*** Given records
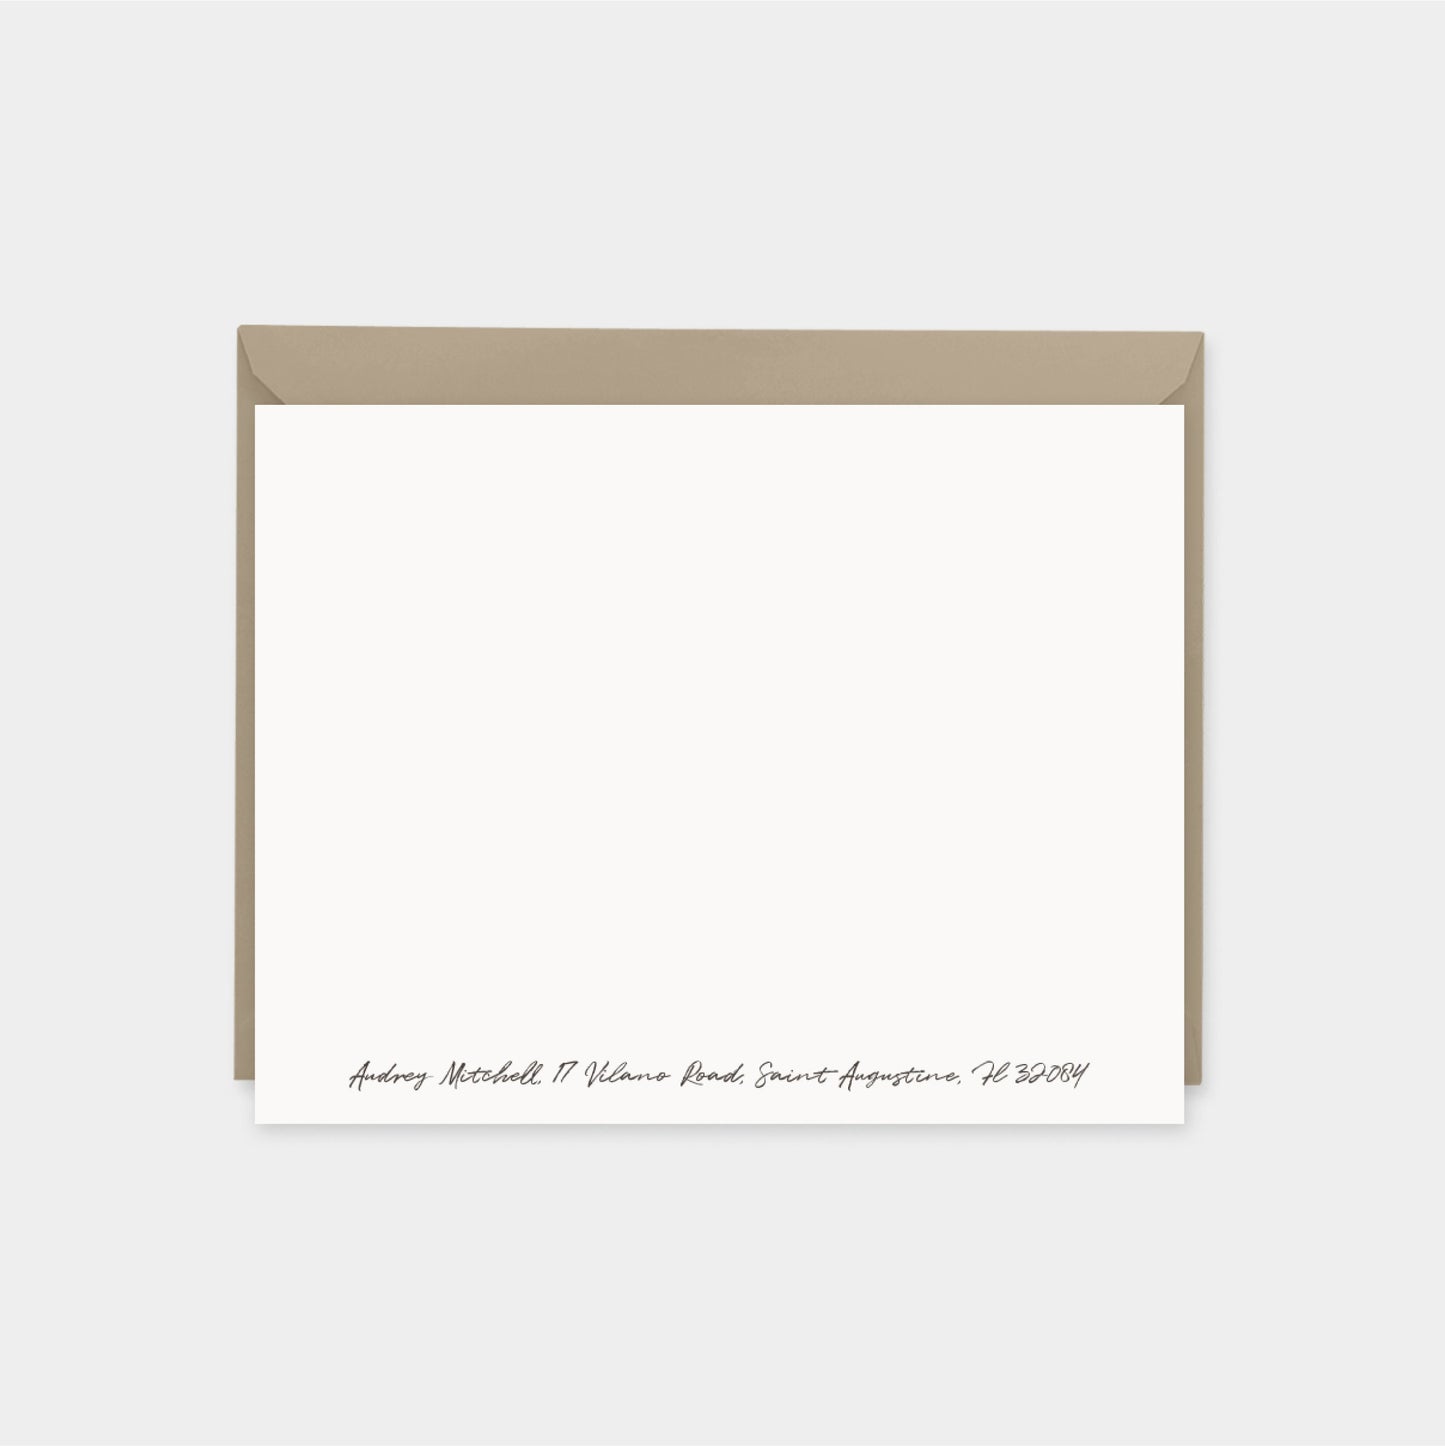 Viridian Painted Texture Note Cards,
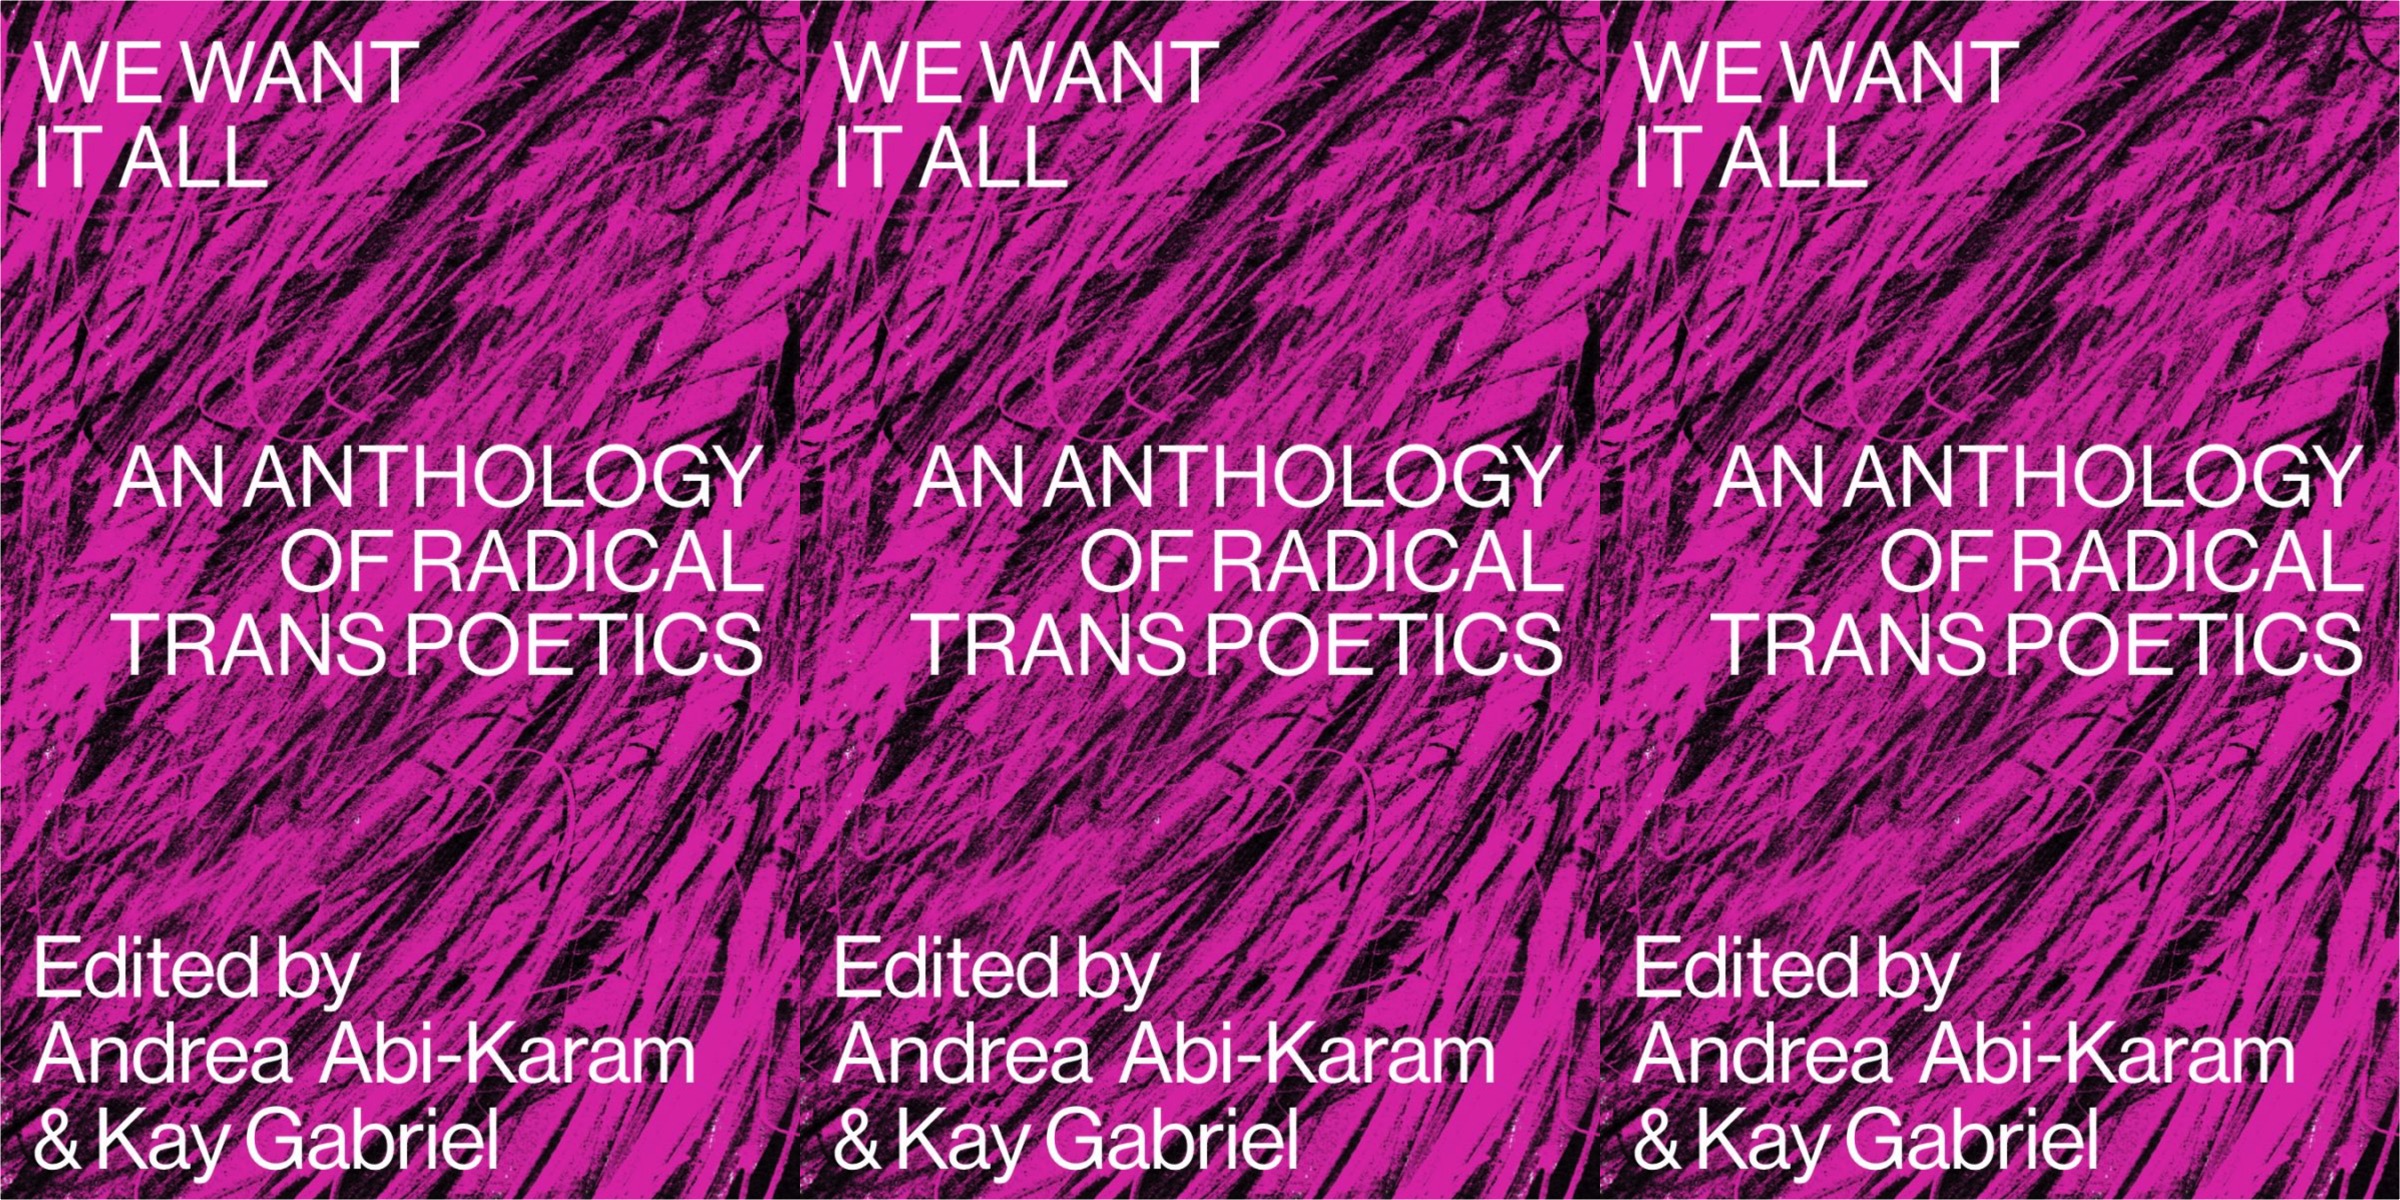 Three repeating images of the cover of We Want It All: An Anthology of Radical Trans Poetics, with white text printed on a pink&black scribbled background
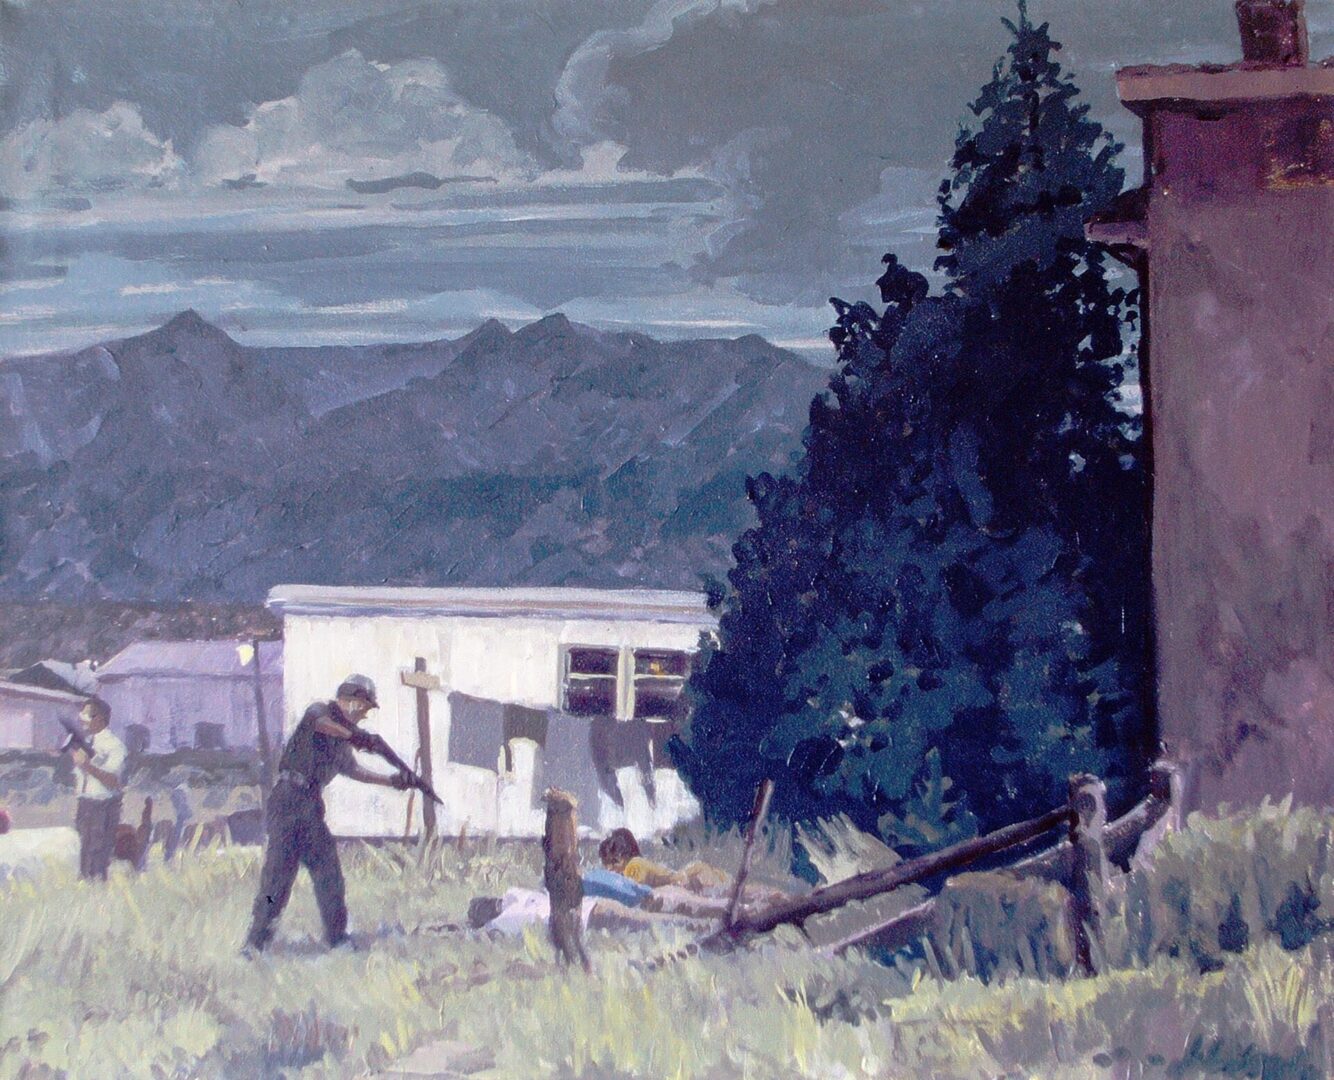 EXECUTION<br>
1986<br>
24" x 30"
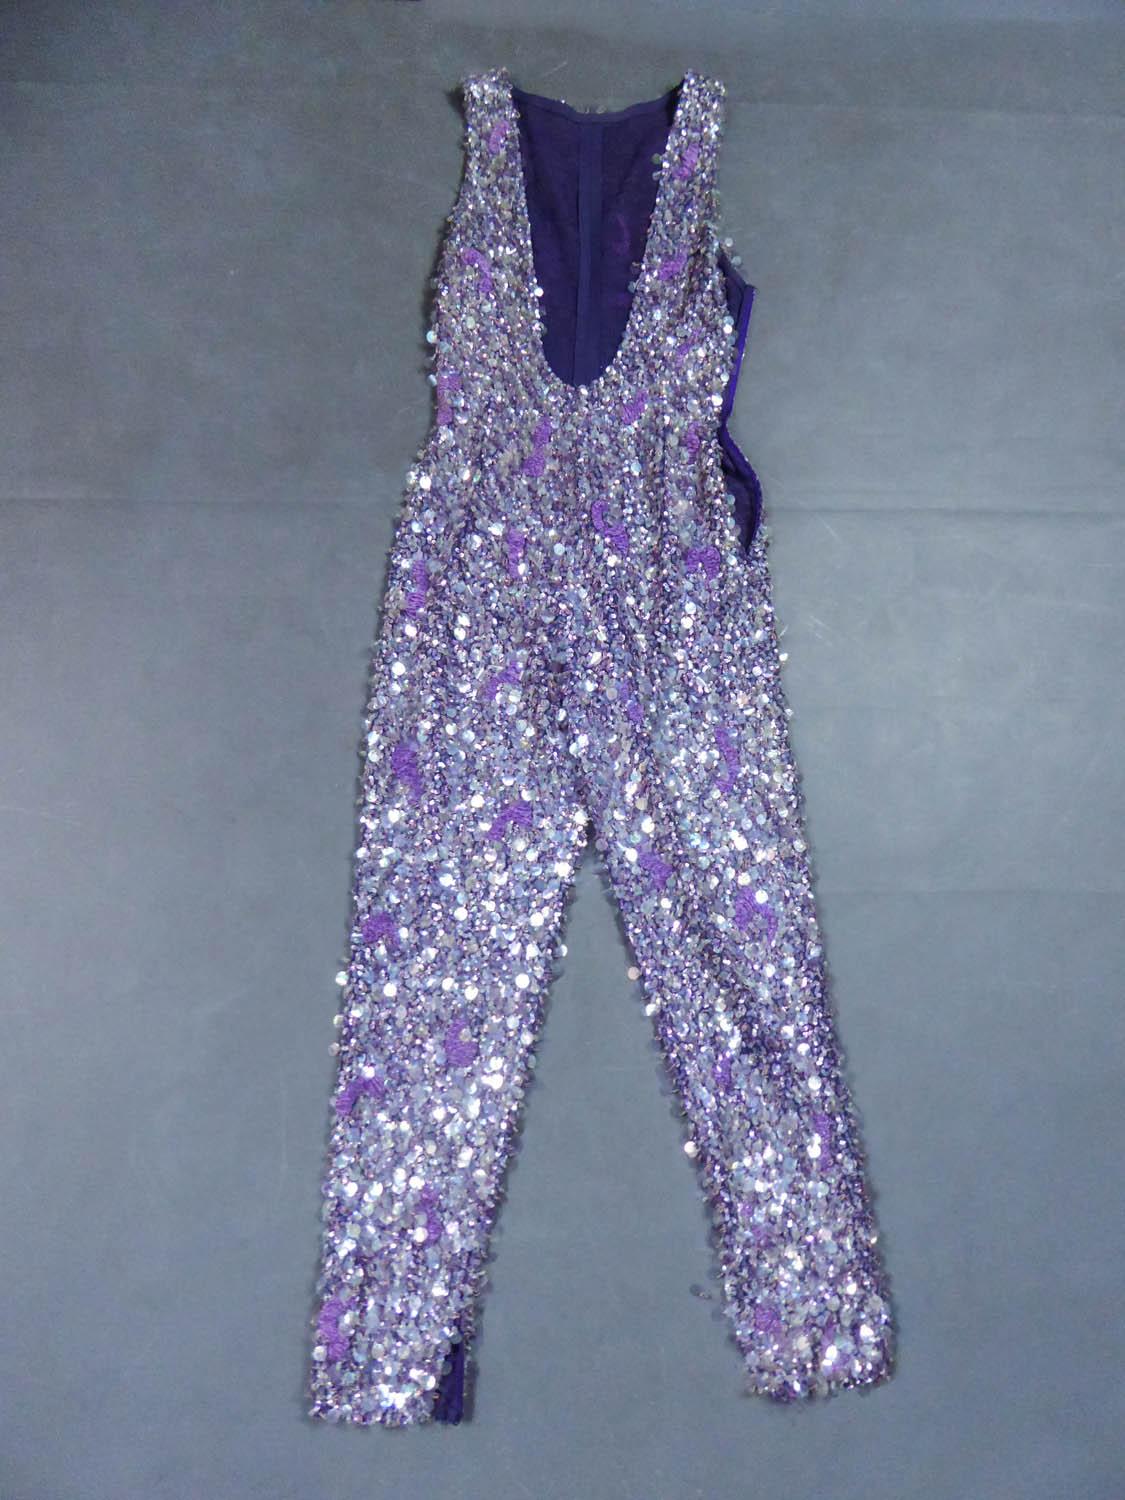 Circa 1968/1970
Italy

Amazing psyquedelic trousers suit from the famous Italian designer house Mila Schön from the 1970s. Entirely hand-embroidered with iridescent glitter, rhodoid sequins and pearlescent and purple glass beads. Embroidery of
******
## What is required
An exact copy of the records above is needed, free of pictures.

## Response
 Viridian Painted Texture Note Cards,
 Three repeating images of the cover of We Want It All: An Anthology of Radical Trans Poetics, with white text printed on a pink&black scribbled background
 EXECUTION<br>
1986<br>
24" x 30"
 Circa 1968/1970
Italy

Amazing psyquedelic trousers suit from the famous Italian designer house Mila Schön from the 1970s. Entirely hand-embroidered with iridescent glitter, rhodoid sequins and pearlescent and purple glass beads. Embroidery of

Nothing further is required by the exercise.